Jews of Drama


Life and sad story of the Jews of Drama


Jews of Drama

It is not certain when the Jewish community started in Drama. The is evidence attesting to the presence of Jews to as far back as the Roman period. However, definite mention of Jews in Drama is mentioned by the famous Spanish traveler Benjamin of Tudela, who visited Drama in the 12th century. He mentions that about 140 Jewish families lived in the town. Their numbers were supplemented after the siege and fall of Budapest in 1529 when Jews from Hungary moved south and settled in the town. The Jewish population expanded in the 19th and 20th century thanks in large part to the development of tobacco production and processing. Tobacco companies like Herzog and Commercial were Jewish enterprises. Drama like the other tobacco towns in Macedonia and Thrace greatly expanded during this period. Sephadic Jews from Thessaloniki and Serres moved Drama. The migration waves of Jews from Serres to Drama rose after the destructive fire in the city in 1913, caused by second Balkan War.

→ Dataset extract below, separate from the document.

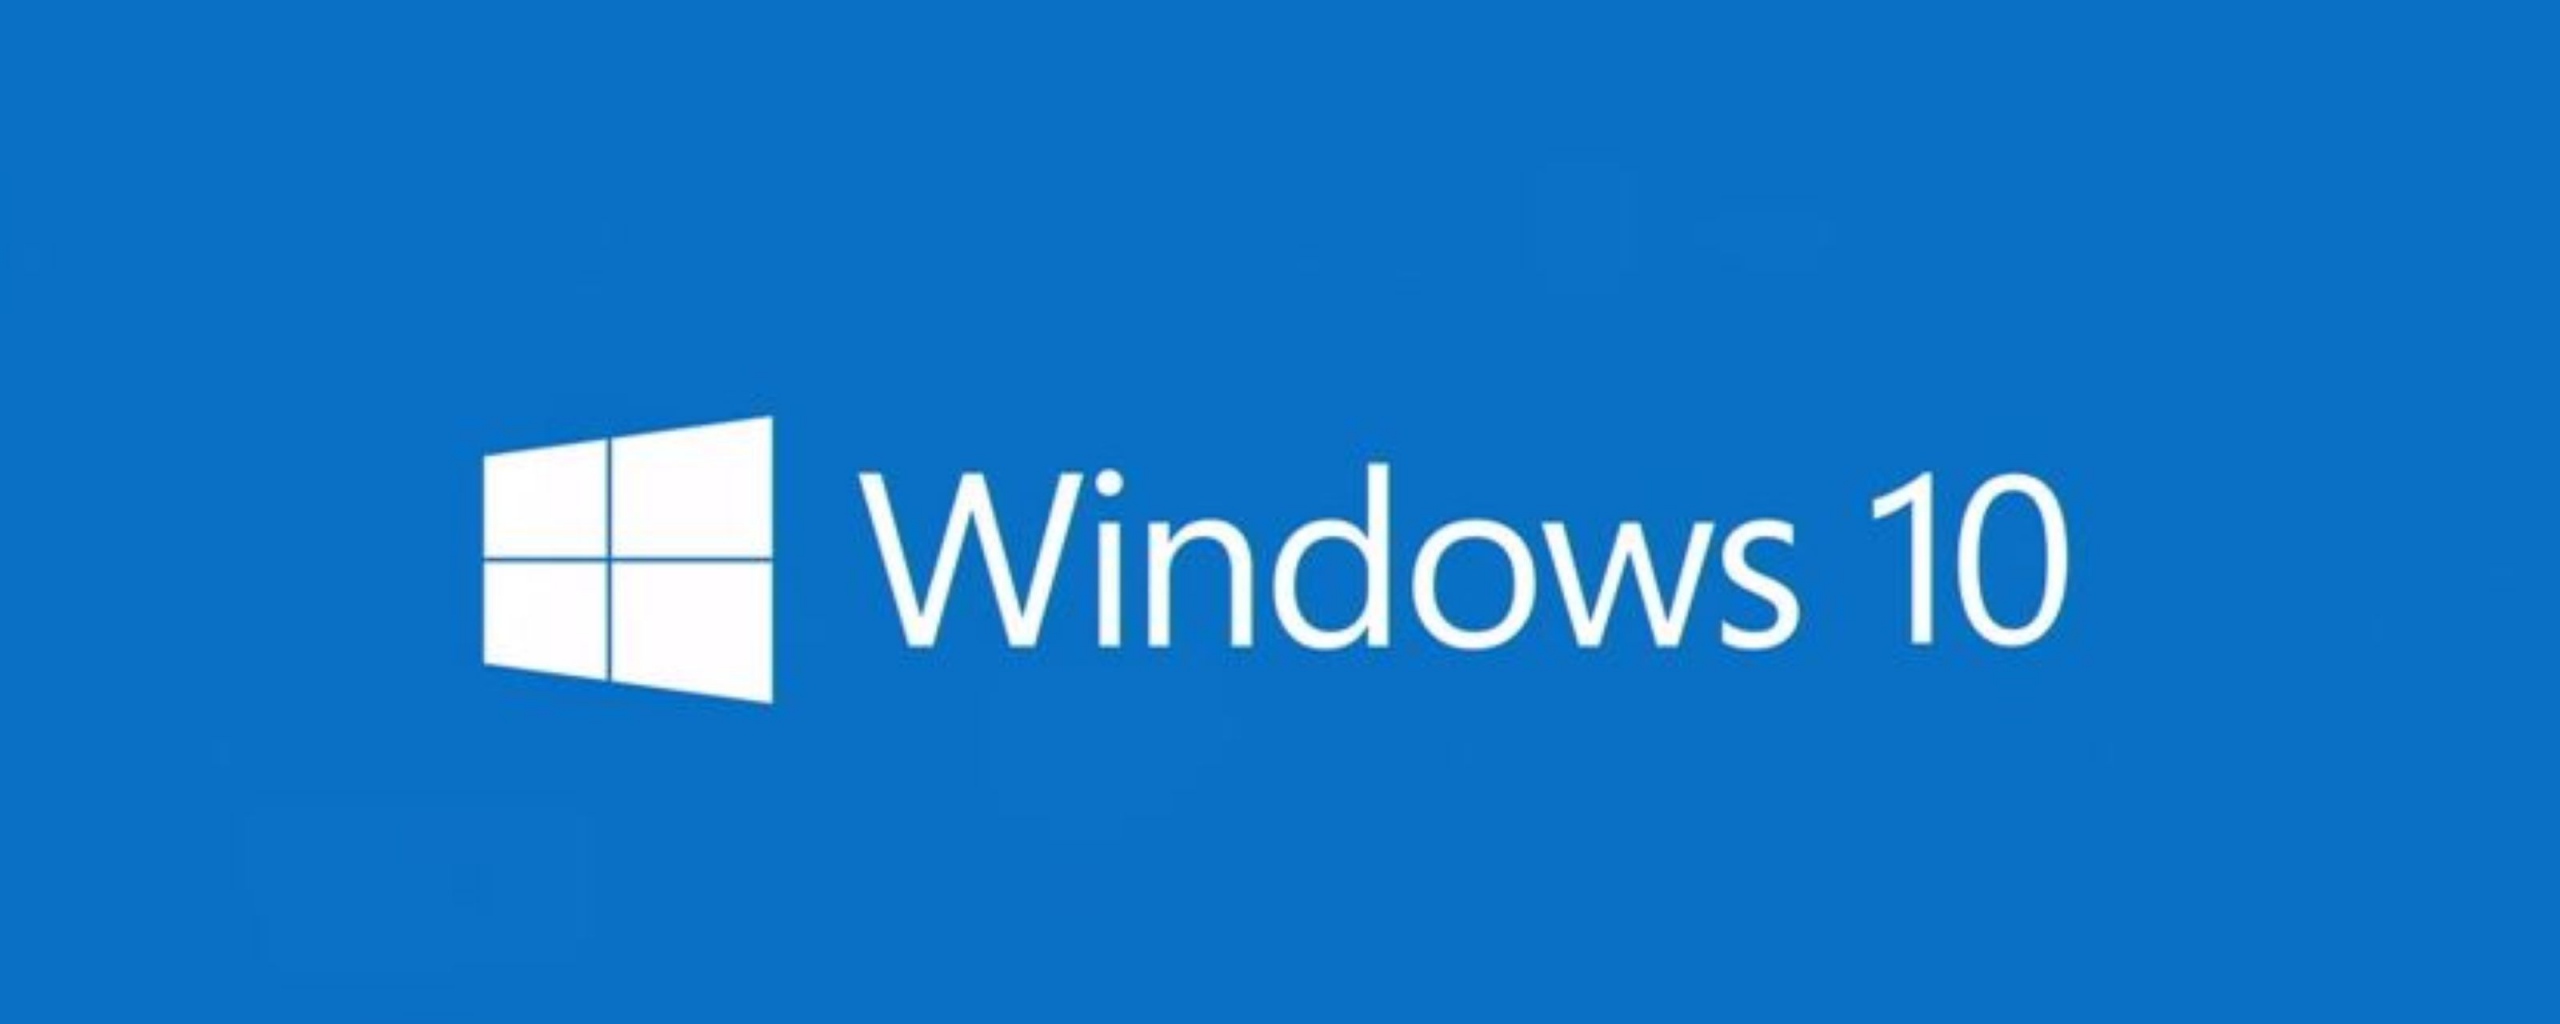 2560x1024 Wallpaper windows 10 technical preview windows 10 logo 2560x1024

By the end of the 1920s the town’s Jewish community boasted a synagogue, two cemeteries and a private school. The main district in which the Jews lived was Aghia Barbara with about 300 families, in other words about 1200 members in 1941. Jews belonged to all social classes and mixed and engaged in the life of the town.

On 21 April 1941, thirteen days after the German invasion, Bulgarian soldiers, allies of the Germans,   occupied the areas of Eastern Macedonia and Western Thrace, except for a part of Evros, which remained under the German Administration. King Boris of Bulgaria wanted to change the demographic character of the region and when the population, Jew and Gentile rioted on 28 September 1941 at his brutal and repressive polices, he instigated a series of mass executions and thousands died. Ironically many inhabitants of Drama, including Jews, fled to the German occupied regions.

After these events, the Jewish population decreased to just 592 souls. They were forced to wear the yellow star and signs were posted on the doors of Jewish homes and stores.  The Germans and the Bulgarians signed in Sofia on 22 February 1943 an agreement that the Bulgarians would expel the Jews from the territories they controlled. During the night of 3-4 March 1943, the Jews of Drama were taken from their homes, housed temporarily in the building of the Tobacco Monopoly and then moved by rail to the extermination camps. Only 39 Jews survived the catastrophe of World War II. In 1997 a memorial plaque was placed on the tobacco warehouses where in 1943 the Jews of Drama were arrested and detained. In 1999 the Municipality of Drama, the Administrative Board of the Jewish Community of Kavala and the Central Board of  Jewish Communities in Greece erected a Memorial for the Jewish Martyrs of the Holocaust in the park of Aghia Barbara. This memorial and the Jewish cemetery are the only monuments providing evidence of the Jewish presence in Drama in the past.